Base normativa e precedentes
- Art. 37, CF/88 — princípios da administração pública (legalidade, impessoalidade, moralidade, publicidade e eficiência) e disciplina dos provimentos e remunerações dos servidores.
- Art. 167, CF/88 — vedações aos gastos sem previsão legal e necessidade de compatibilidade orçamentária, relevante diante do impacto fiscal alegado.

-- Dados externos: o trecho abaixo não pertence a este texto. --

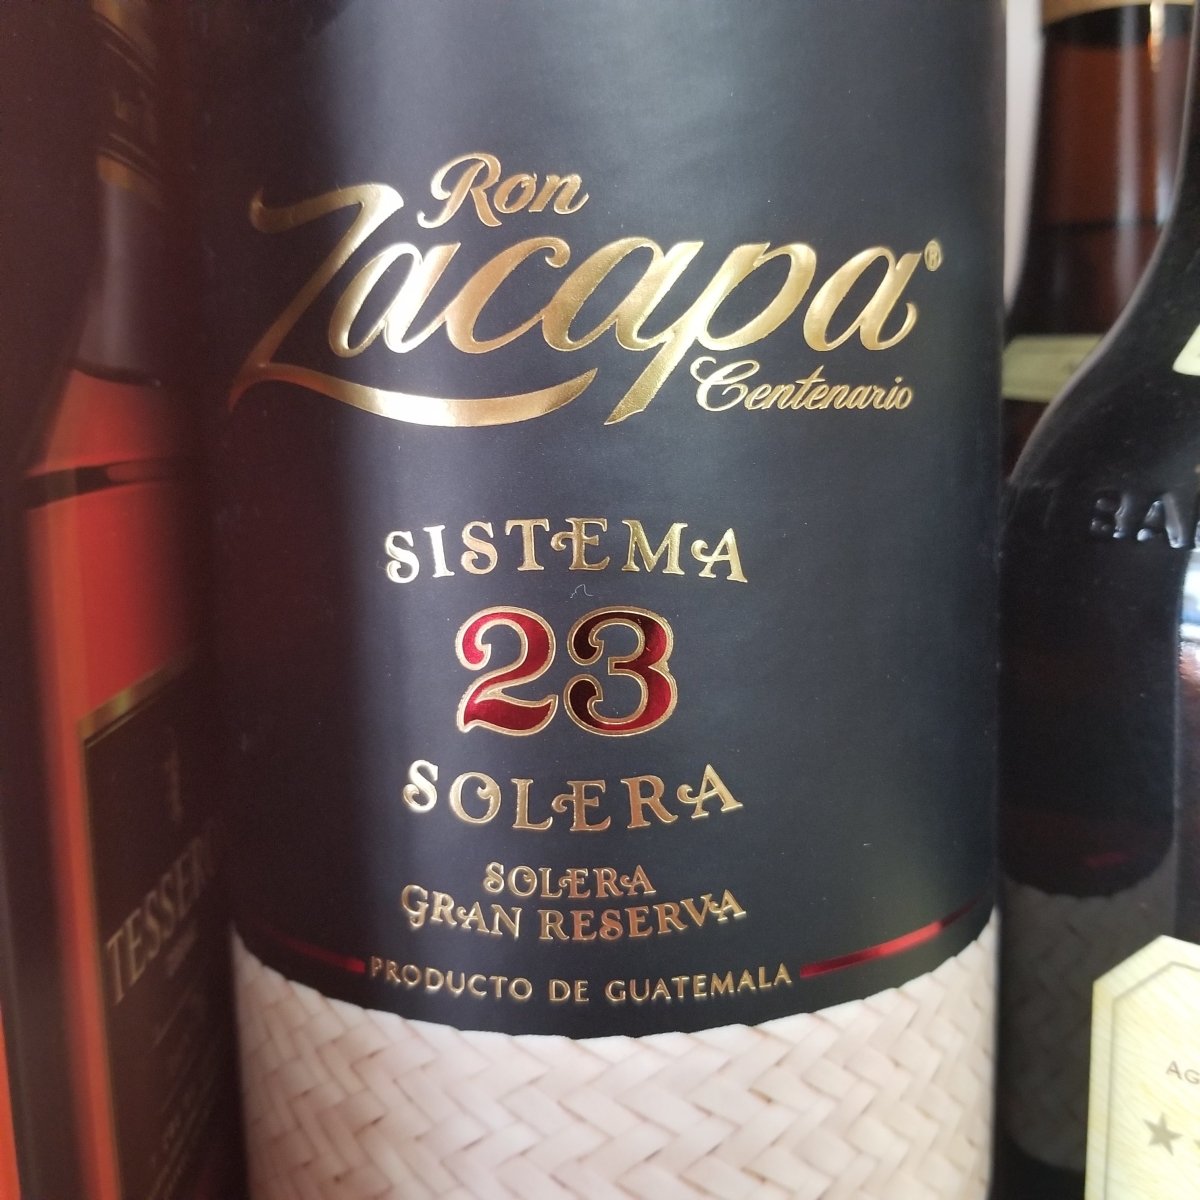 Product Detail  Ron Zacapa 23 Year Old Centenario Sistema Solera Gran  Reserva Rum
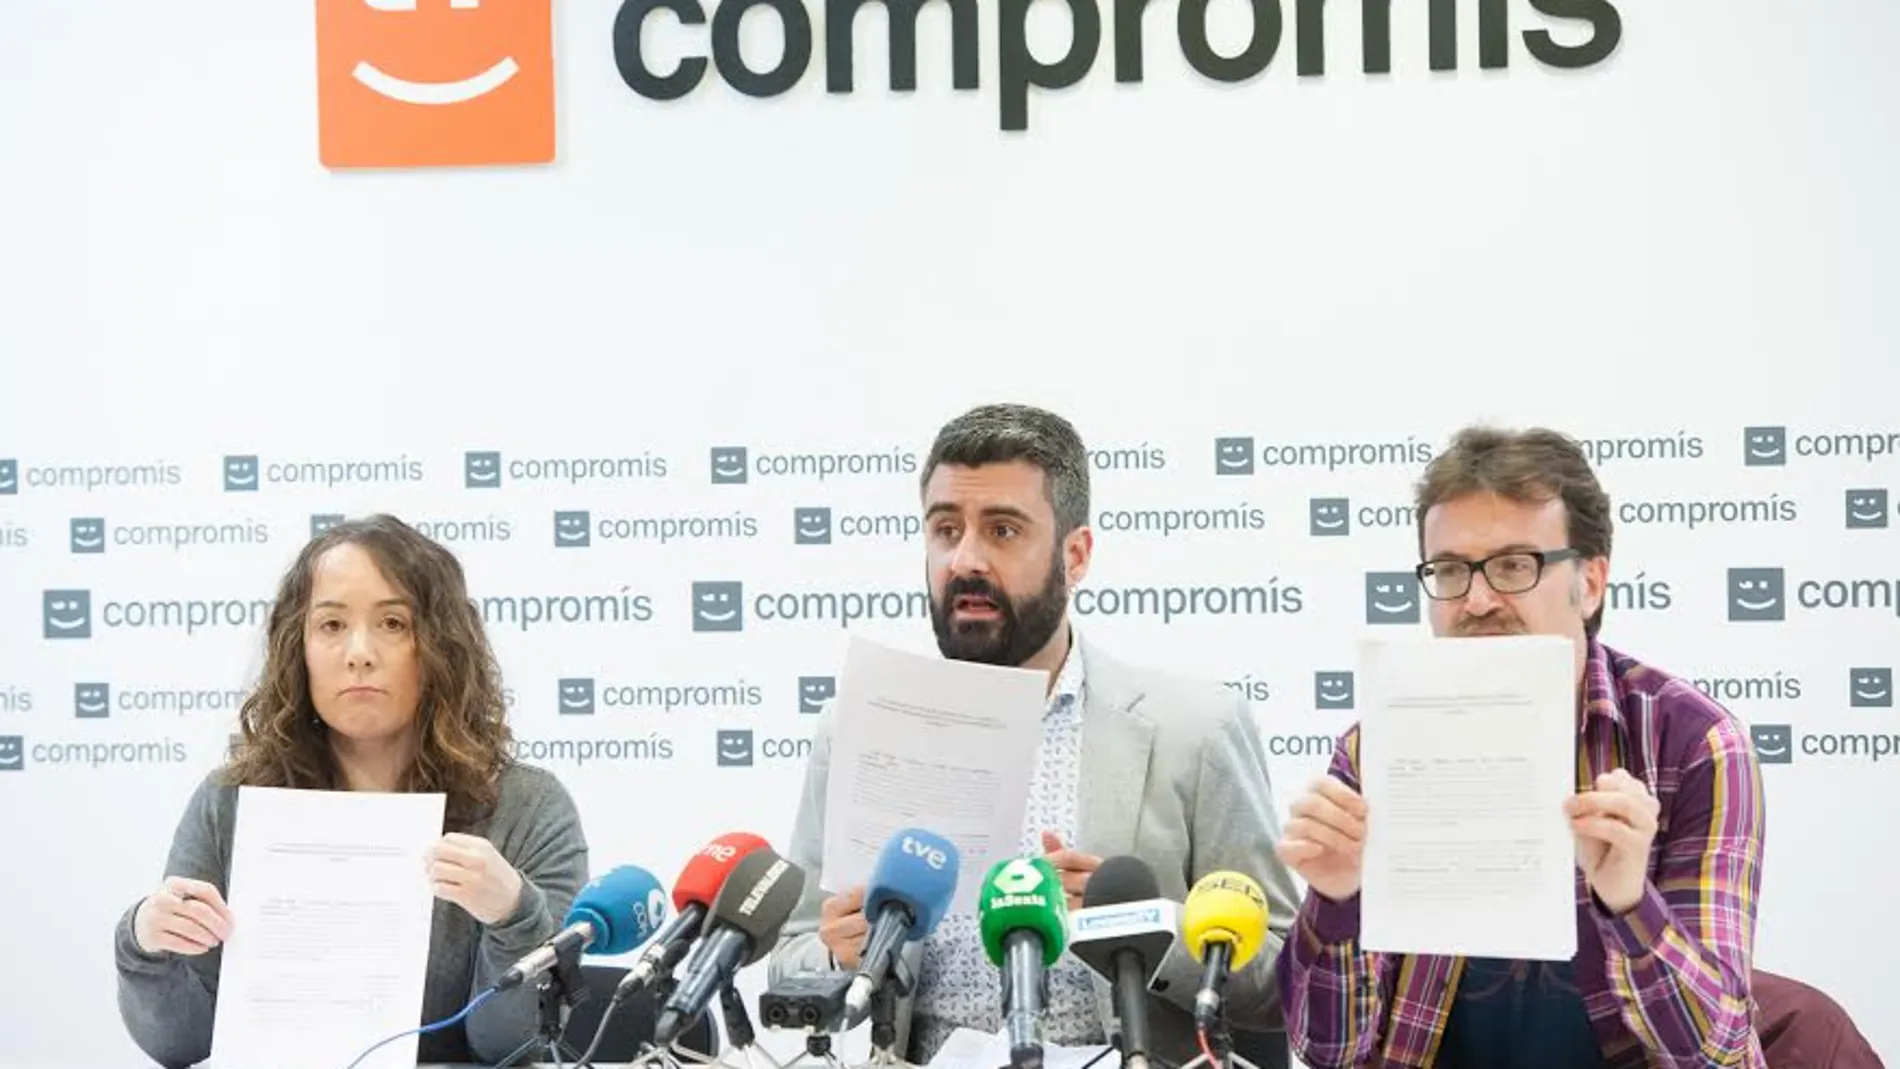 Pere Fuset, Gloria Tello y Giuseppe Grezzi el día que presentaron mediáticamente su denuncia contra el PP basada en «lo aparecido en los medios de comunicación»

- Lei Complementar 101/2000 (Lei de Responsabilidade Fiscal) — instrumentos de controle e limites para despesas com pessoal, planejamento e transparência fiscal; fundamento para argumentar risco à responsabilidade fiscal do ente.
- Lei Complementar 159/2017 — regime de recuperação fiscal e dispositivos que condicionam a capacidade de gasto do ente federativo submetido a tal regime.
- CPC/2015 (Lei 13.105/2015) — dispositivos sobre tutela provisória e efeitos suspensivos de decisões interlocutórias e recursos, relevantes para o pedido liminar de suspensão de execuções.
- Jurisprudência consolidada do tribunal — sentidos uniformes sobre distinção entre verba indenizatória e verba remuneratória e seus efeitos para cálculo de parcelas trabalhistas e funcionais; a solução poderá depender da interpretação do caráter do auxílio no caso concreto.
Impacto prático
- Para o Executivo estadual: preservação imediata de caixa e plano financeiro, especialmente relevante enquanto vigora o regime de recuperação fiscal; liminar suspensa impede execuções e pagamentos até decisão final.
- Para servidores e sindicatos: risco de postergação de créditos reconhecidos em decisões estaduais; a eventual confirmação pelo STF poderá acarretar devolução de valores ou manutenção do pagamento conforme título executivo.
- Para a advocacia e o contencioso administrativo/judicial: litígios individuais e coletivos sobre incidência das verbas no cálculo de vantagens funcionais podem ser suspensos ou reorientados, exigindo novas teses sobre a natureza do auxílio e prova das despesas efetivamente ressarcidas.
- Para gestores públicos em outros entes: decisão do STF — especialmente se em caráter vinculante — terá efeito replicador em processos semelhantes em outros estados, influenciando políticas sobre benefícios e sua inclusão na remuneração.
O que observar
- Trajeto processual: a ADPF é medida de controle concentrado fundada em preceitos fundamentais; atenção ao acolhimento liminar e ao rito no Supremo, inclusive possibilidade de medidas de caráter vinculante ou modulação de efeitos.
- Ponto probatório-interpretativo central: distinção entre caráter indenizatório e remuneratório do auxílio; prova legislativa e regulatória local sobre finalidade e forma de pagamento será decisiva.
- Risco de modulação: o Supremo pode reconhecer direito em parte, mas modular efeitos temporais e subjetivos para evitar impacto descontrolado nas finanças públicas.
- Recursos e estratégias práticas: advogados dos servidores devem avaliar ações individuais, constituição de ações coletivas e eventual pedido de contracautela; o Estado deve documentar a previsão legal, atos normativos e estimativas de impacto.
- Intersecção com responsabilidade fiscal: mesmo que reconhecido o caráter remuneratório, o tribunal pode ponderar limites constitucionais e legais sobre a implementação e o pagamento retroativo de diferenças.
Em síntese, a ADPF colocada pelo governo do RS ante o STF não é apenas disputa sobre um benefício específico: é questionamento sobre como se qualifica parcela paga ao servidor e sobre os limites entre direito adquirido e sustentabilidade fiscal. A decisão do Supremo deverá equilibrar proteção de direitos individuais e coletivos com exigências constitucionais de planejamento e responsabilidade das contas públicas, e tem potencial de definir jurisprudência padronizadora para casos análogos em demais entes federativos.